A curious sub-plot concerns the presence on the island of the mysterious Mr Brown, posing as a tweed salesman. Macroon listens in on Brown’s telephone call to Waggett’s wife asking her to urge the Captain to secure a red attaché case from the wreck. Obviously, this would prove an impossible task for Waggett to perform and the message is wholly intended for the eavesdropping Macroon. The case proves to contain personal letters from the recently-abdicated Edward VIII to Mrs Simpson, and other correspondence hinted as relating to an interesting offer of royal reinstatement from a certain continental despot, the second such reference in the film. Brown is obviously some lackey of Whitehall, but why would the letters be going to America? The purpose of this sub-plot, beyond mere padding, is hard to ascertain, perhaps the writer is vehemently republican and wanted to avoid the film being chosen for a royal premiere?

The film ends with both pairs of lovers united in matrimony, and Waggett temporarily in disgrace after a case of ammunition he returned to the mainland was discovered to contain whisky, hidden there during the house-to-house. Macroon finally cracks a smile and the island gives itself up to drinking and dancing. To say I enjoyed this film while on the wagon (only two beers in five weeks), says much for the good-natured entertainment it provides, although, as I lay in bed waiting in vain for the oblivion of sleep, my mind did tend to linger on the three and a half bottles of whisky (and one whiskey) I had stowed in a downstairs cupboard.


The extras reel consists of interviews with the principal members of the cast. What comes across is a genuine affection for the material and an obvious enjoyment of the whole exercise. The younger members of the cast, that is Battrick, Kendrick, Guthrie and Bickerstaff, have nothing but good things to say about the experience of performing with Fisher and Izzard.
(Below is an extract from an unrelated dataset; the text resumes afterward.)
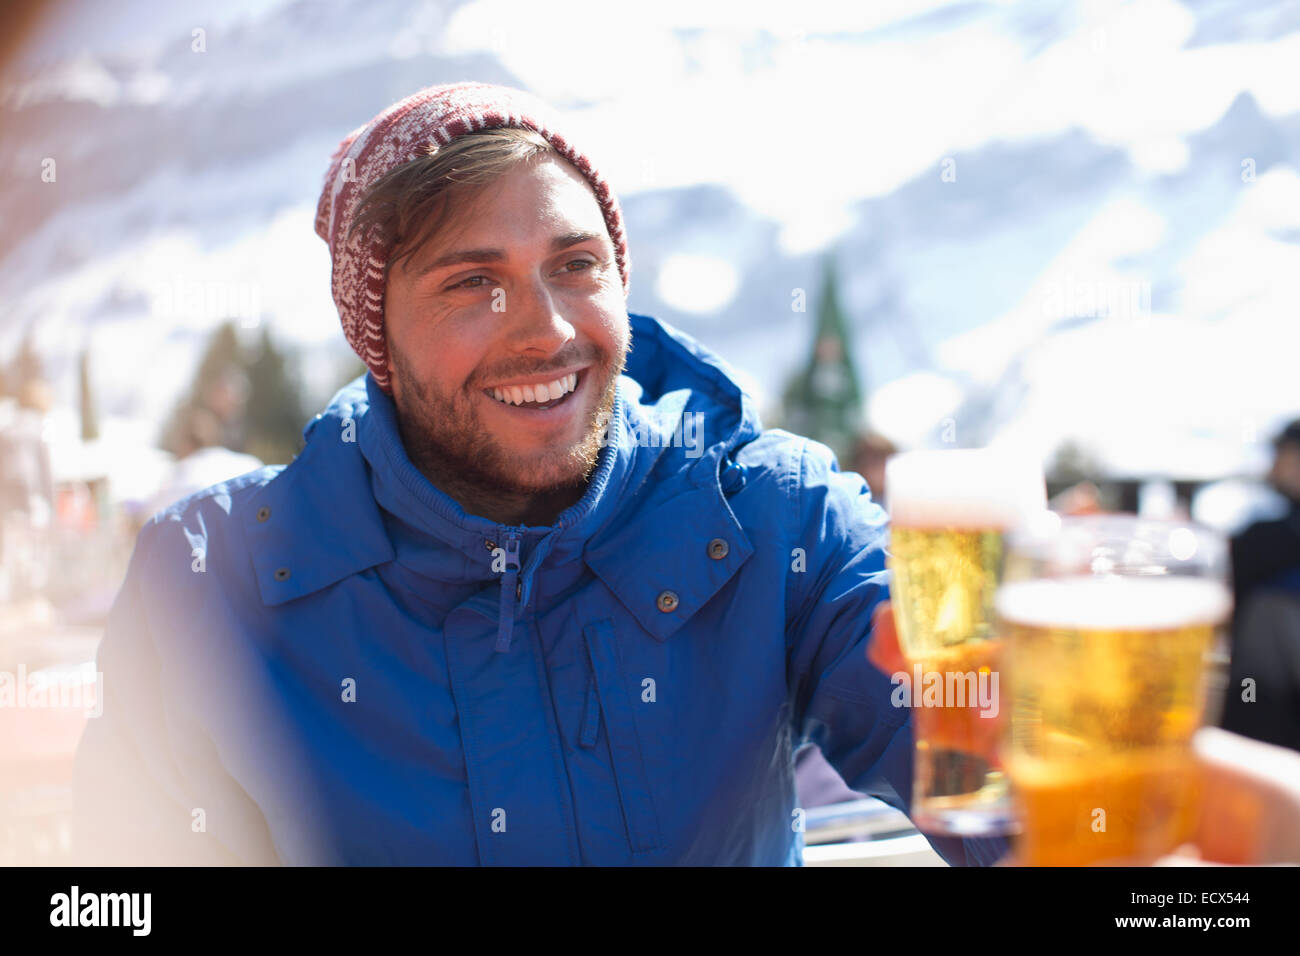 Smiling man dans des vêtements chauds de boire une bière en plein air Banque D'Images

Slainte.


Wednesday, 1 November 2017

Fear In The Night

Cast: Judy Geeson, Ralph Bates, Peter Cushing, Joan Collins, and Gillian Lind

Director: Jimmy Sangster

94 minutes (12) 1972
Widescreen ratio 1.85:1
Studio Canal blu-ray region B

Rating: 6/10
Review by Steven Hampton  

This is a Hammer horror in hi-def just in time for happy Halloween. Peggy (Judy Geeson) is newlywed to Robert (Ralph Bates), an unhappy ‘teacher’ at a boarding school for boys. Peter Cushing portrays the kindly but decidedly odd headmaster, whose wife Molly (Joan Collins) is a scheming sculptress. Even before she leaves London, there is a scary trauma for the heroine when she’s attacked by a strange man with a prosthetic arm. Moving to a house in the school grounds, there’s plenty of creepy atmosphere and suspense unfolding to upset and threaten the heroine. After a second mysterious attack, Peggy is left alone in the cottage with a shotgun. Soon, her tormentors will be sorry they ever bothered her.
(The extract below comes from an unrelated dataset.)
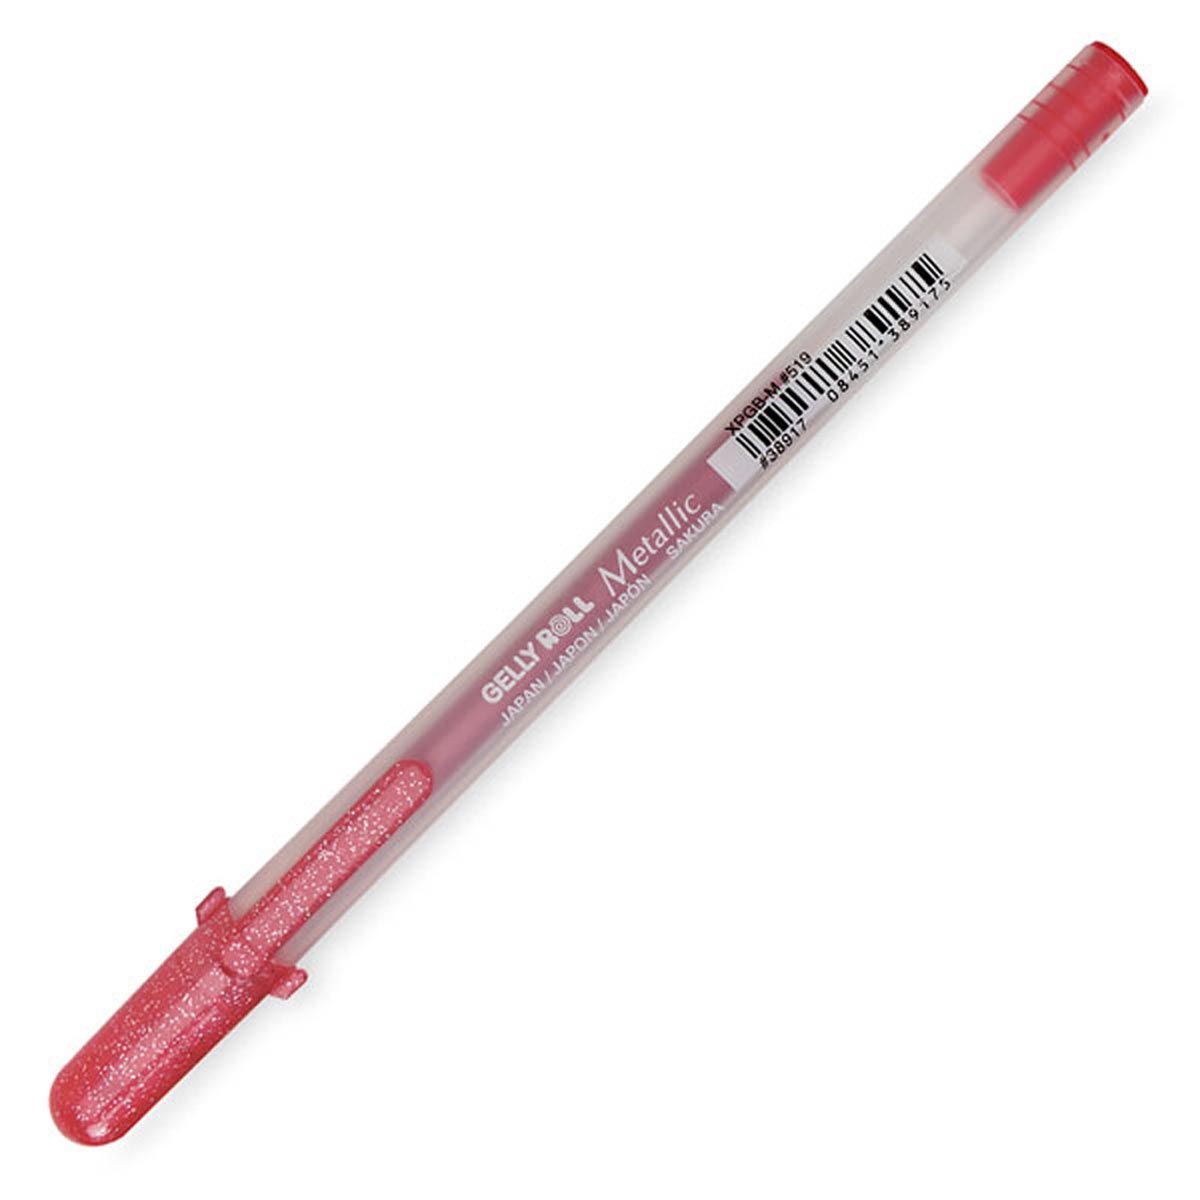 Gelly Roll Metallic Gel Pen - Red

“Do you like tying knots in things?”    


Not so much a bloody shocker, in the traditional manner of classic Hammer productions, but a nonetheless effective chiller with modest ambitions as days of delirium follow nights of fear. Cleverly fusing odd elements from Clouzot’s masterpiece Les Diaboliques (1955), a subgenre defining thriller of French cinema, with obvious influences of Polanski’s classic Replusion (1965), that established the era’s trend for mystery drama centred on neurotic women, Fear In The Night pulls its varied aspects of predatory crime and psychological crisis into a meltdown of confusion and catatonia, under a gaslight plot that goes horribly wrong. The movie’s themes of stalking and isolation lead to disquieting revelations about a tragic history of the countryside location, and certain scenes here predate Kubrick’s The Shining (1980).  


In the final analysis, this is an understated, very British offering, coasting along through a story-line of increasing suspicions, buoyed by Geeson’s performance as the beleaguered heroine. It’s memorable for just a few iconic images, including the gloved hand clutching the victim’s neck, the curiously dream-like impact of shattered glass in the headmaster’s spectacles (see the DVD & Blu-ray cover artwork), and that particularly haunting first scene of the hanged man.